No, I’d actually prefer to make it work as expected as if you’d called head -n1 on the command.
readline(cmd::Cmd) = readlines(cmd)[1]
:grin:
@StefanKarpinski readline(::IOStream)
does not close the file, only readline(::AbstractString)
does since it opens the file itself. These two are distinguished by type.
Since AbstractString is already taken, there is no way of telling readline()
to create a Cmd that it owns and can close.
If readline(::Cmd)
is to work like head -n1 then it would work like the AbstractString version, so its inconsistent with the IOStream version.
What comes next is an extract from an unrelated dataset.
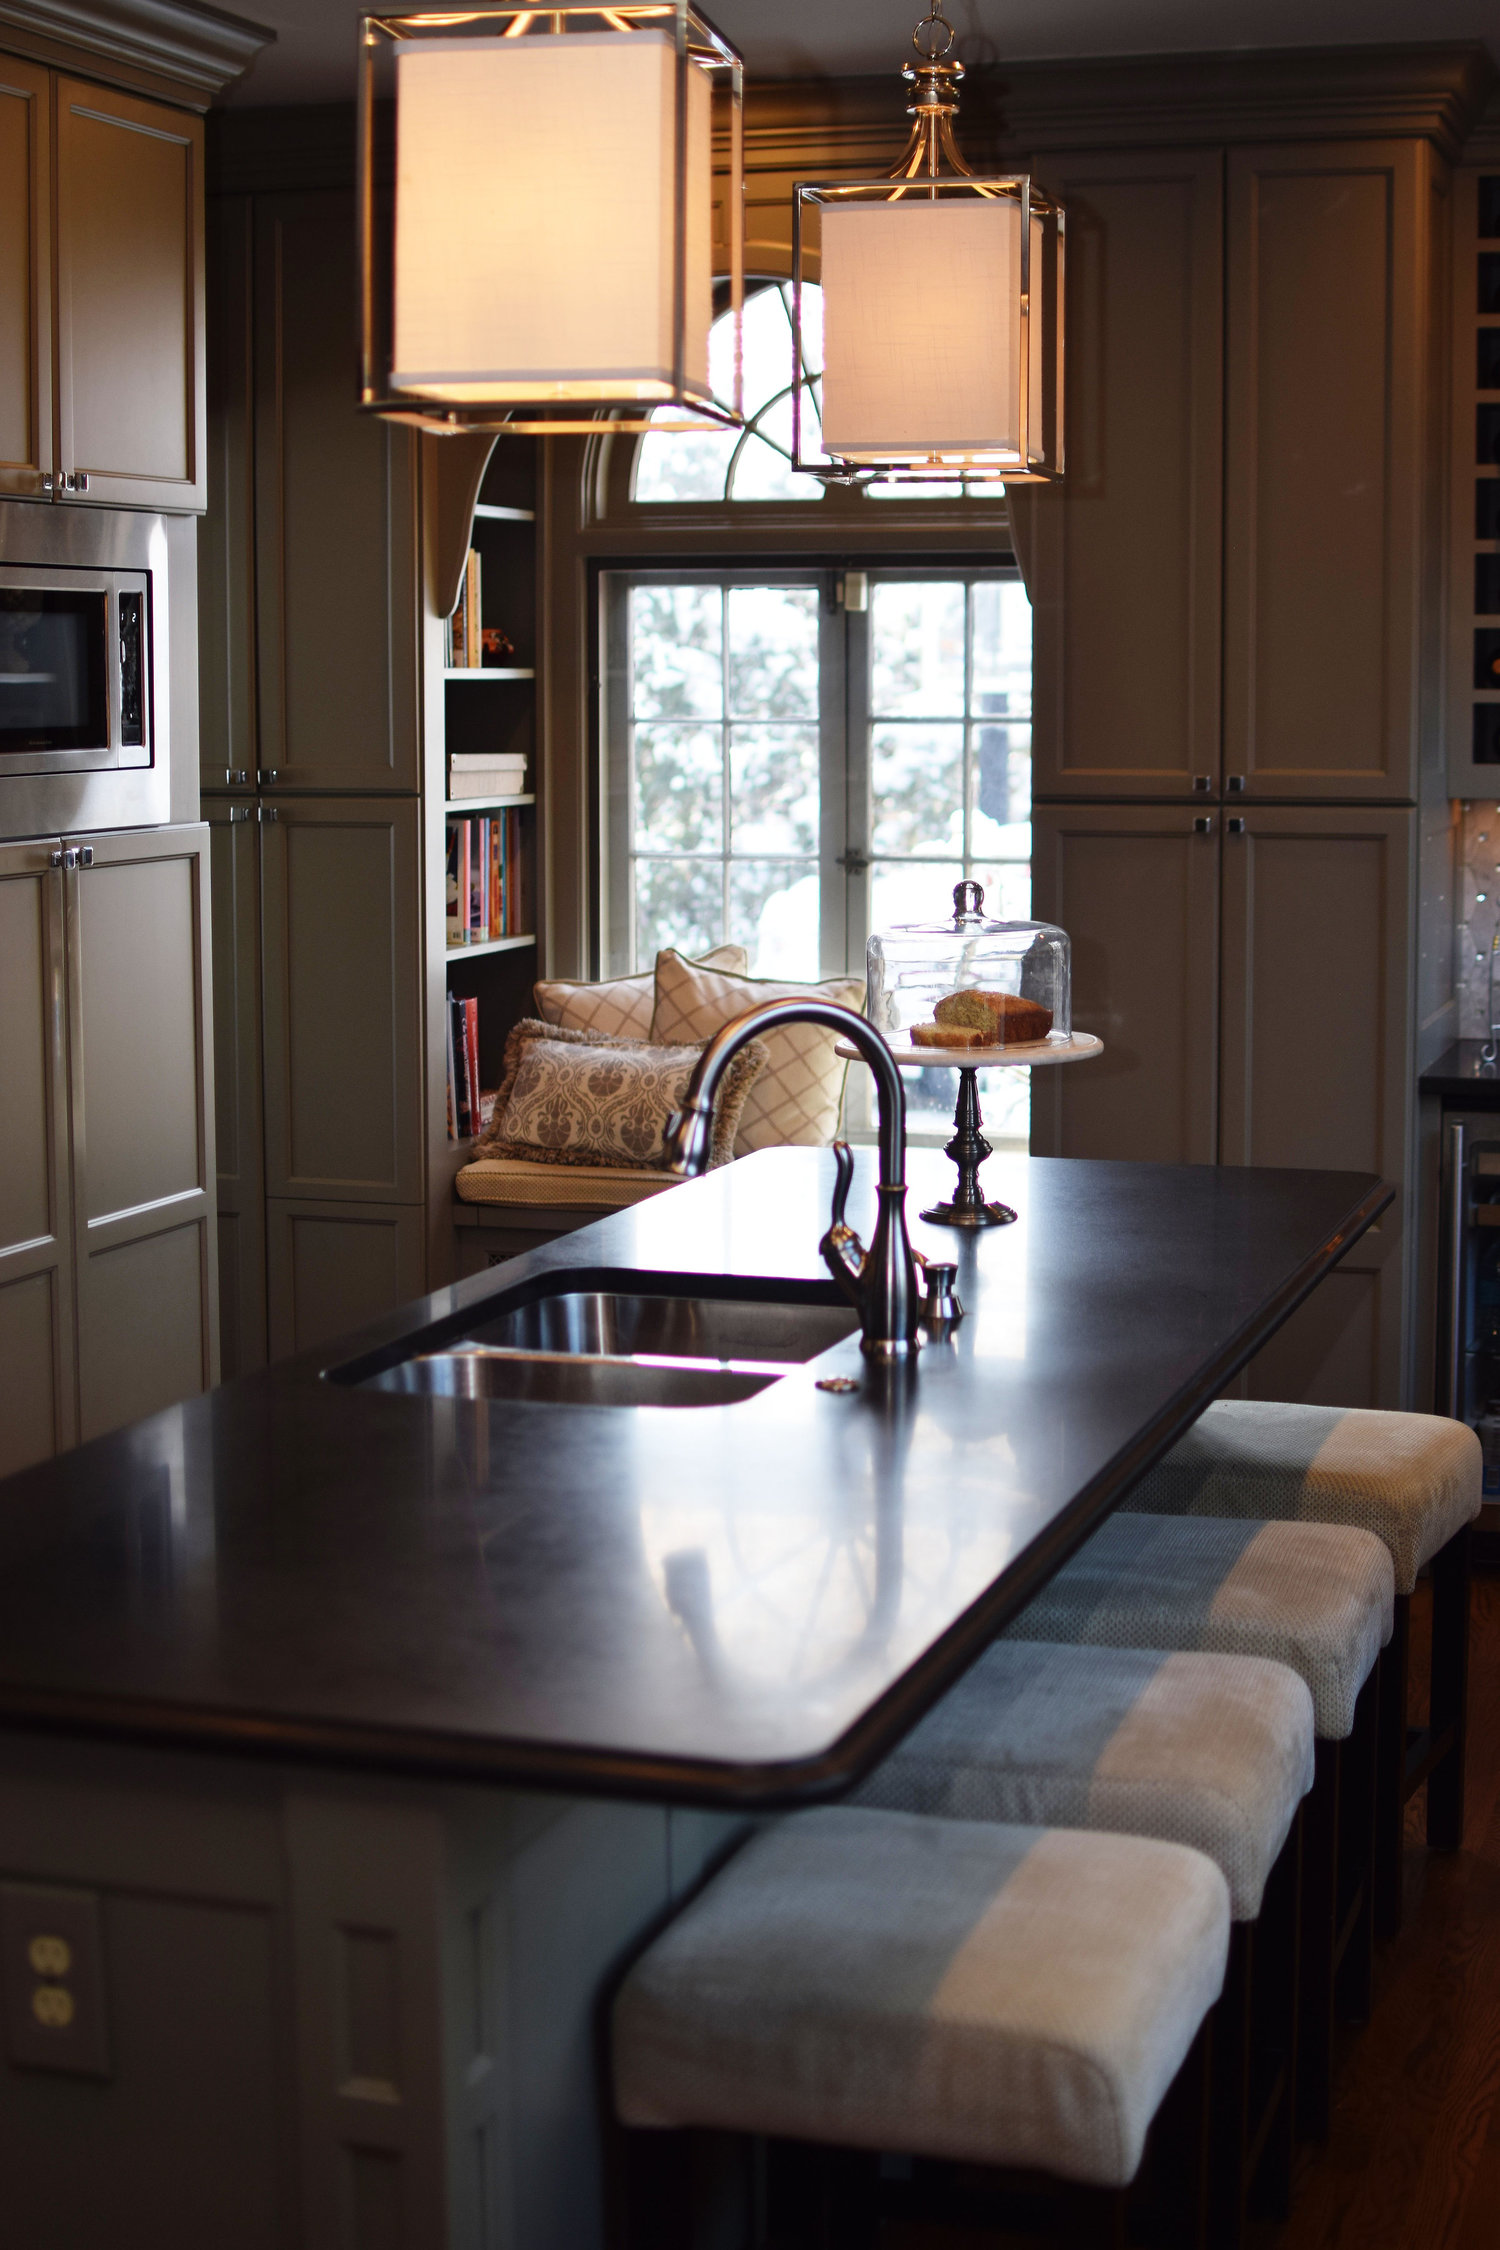 Cindy Lynch Kitchen and Bath Design

But a user with a Cmd bound to a variable trying to read lines one at a time from it (perhaps doing interaction with the subprocess) would be surprised that their Cmd is unexpectedly closed.
Cmd
objects aren't open or closed, they just represent a command that could be run.
Thats correct, at the moment, the only way to get the output of a Cmd
is readlines(::Cmd)
which presumably runs the command, buffers all the data from the pipes, and wait()
s for the process to complete before it returns the array of data. At least I assume so, readlines(::Cmd)
does not appear to be documented.
But my point is that the behaviour of readline(::Cmd)
means that it does not return all data at one time, so what is the semantics in this case? Does it do my suggested readlines(cmd)[1]
, in which case, yes, there is no "open" concept, or does it follow the semantics of readline(::IOStream)
where successive calls return successive lines? In which case the Cmd
is conceptually "open".
Yes, I figured out readlines() by myself. Only read() is given as an example in the documentation. Then I tried readline() for whatever reason and noticed the difference between readline() and readlines().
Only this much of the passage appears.